We are living in the digital age and everything is one the screens. However, a lot of documents are still being signed by hand. It is an old and traditional way of confirming authenticity of an important agreement or decision. With current technology faking a signature is relatively easy, but a team of scientists found a cheap way of confirming authenticity of paper documents.

This is how paper looks under a microscope. However, patterns can be observed using a simple camera. Image credit: Nicola Angeli/MUSE via Wikimedia(CC BY-SA 3.0)

Handwriting experts can analyse a single signature for hours and they will still fail to answer with certainty that the document is real. Current technologies allow faking signatures with extreme precision, which is pushing paper documents to extinction. However, because they are still used very widely, scientists did find a way to confirm their authenticity and effectively prevent forgery. The key in this new method is not recognizing real signatures, but looking at the unique fingerprint of the paper itself.

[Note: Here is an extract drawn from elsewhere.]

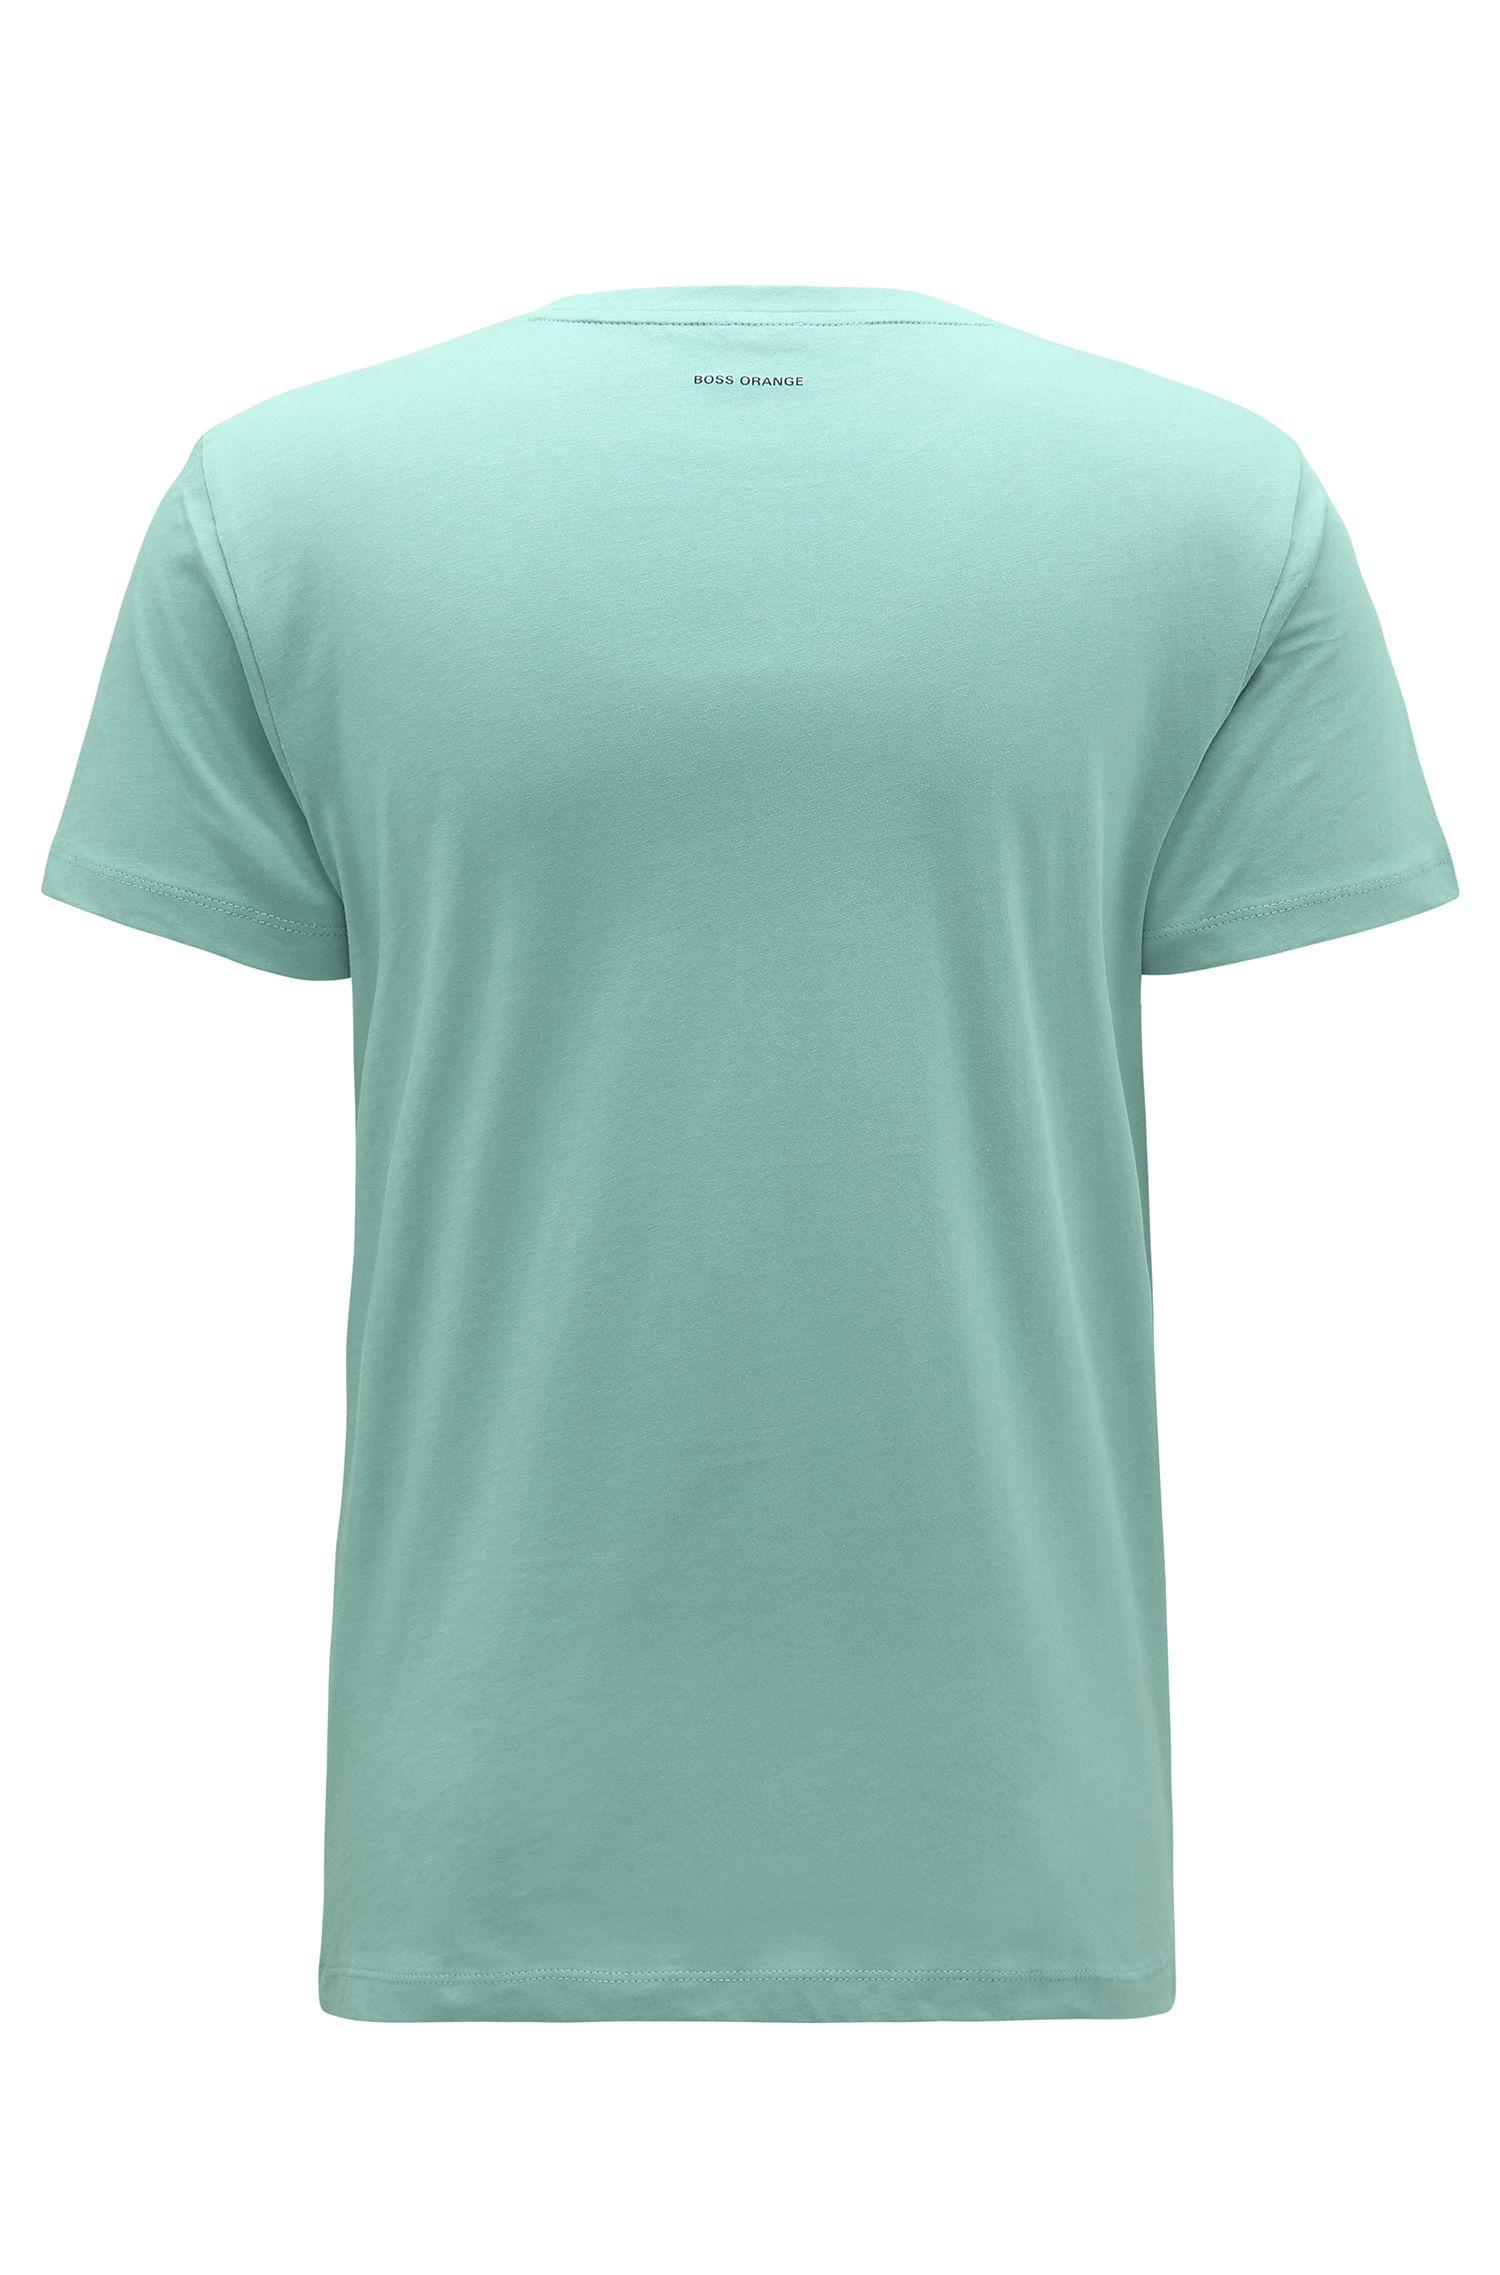 Cotton Graphic T-Shirt | Turbulence, Turquoise
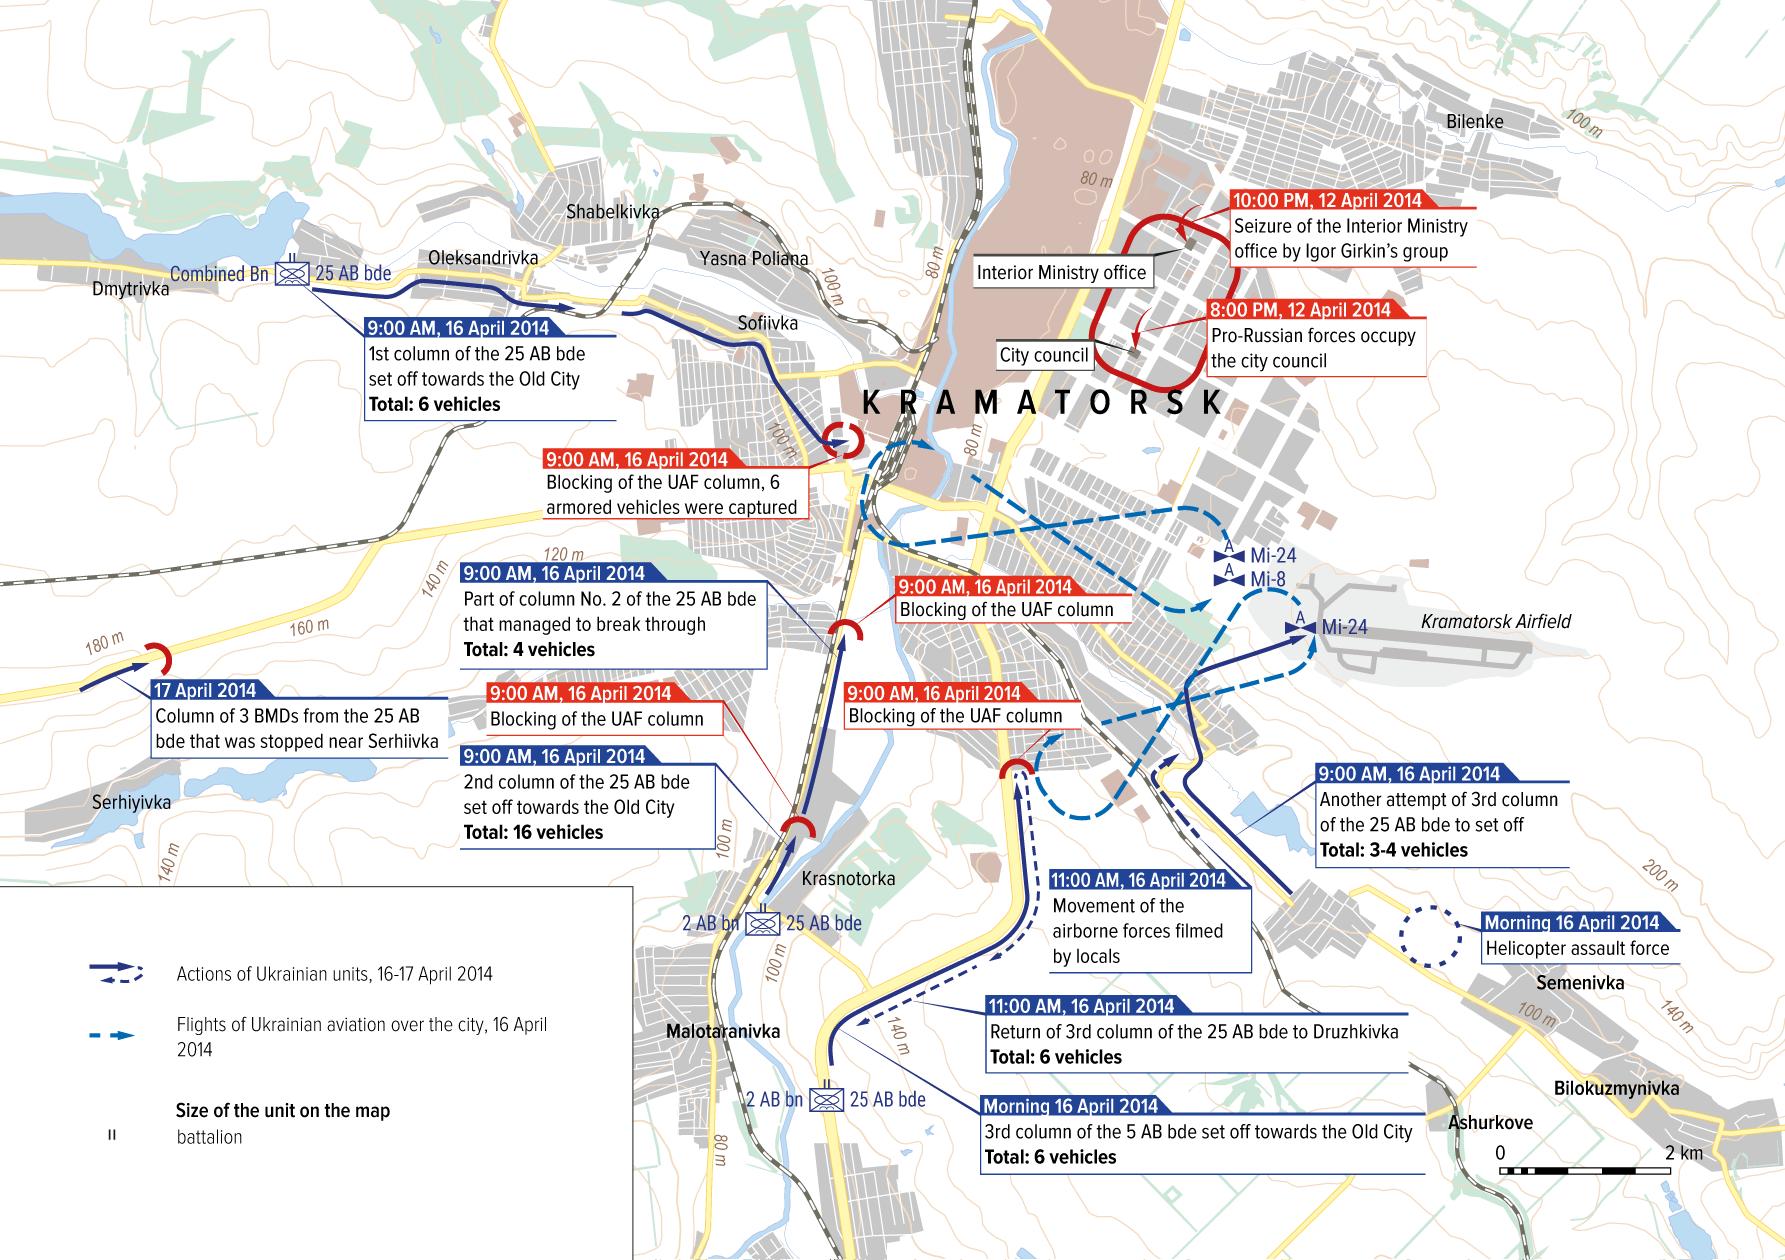 The situation in Kramatorsk. 16 April 2014.

They always say that there are no people with identical fingerprints or two cats with noses with identical patterns. Paper is similar in this way – fibres are arranged in a unique random pattern. In fact, differences between two sheets of papers are so apparent that expensive imaging equipment is not needed to analyse these patterns. All you need is an off-the-shelf camera. Shining light through the paper enhances these patterns in the image, which allows for 100 % accuracy. Furthermore, even inappropriate handling of the document does not diminish this method – heated, soaked and scribbled paper can still be analysed for the unique fingerprint pattern.

All documents, printed on a translucent paper, can be analysed using this method: passports, agreements, receipts and so on. The best part about it is that it is cheap, compared to alternatives. How much would it cost for you to take a picture of a document after signing it? And now think about a microchip that can be inserted in the paper itself – the way they do this with passports. Of course, taking the picture with a simple standard camera is cheaper and easier.

Scientists designed a box, which is recognized by the algorithm. People just have to place the document in the box and take the picture. Later the original image can be compared with a document in question, which may be fake. Dr Siamak Shahandashti, one of the authors of the study, said: “our method basically provides an effective way to check if the sheet of paper the document is inscribed on is the same sheet used originally, hence catching copies and making counterfeiting practically impossible”.

Impossible may be a bold claim, but scientists are sure they removed any possibility of a human error and the method is 100 % accurate. And, most importantly, cheap. Paper is unique and no one can copy it with a precision required to fool this system.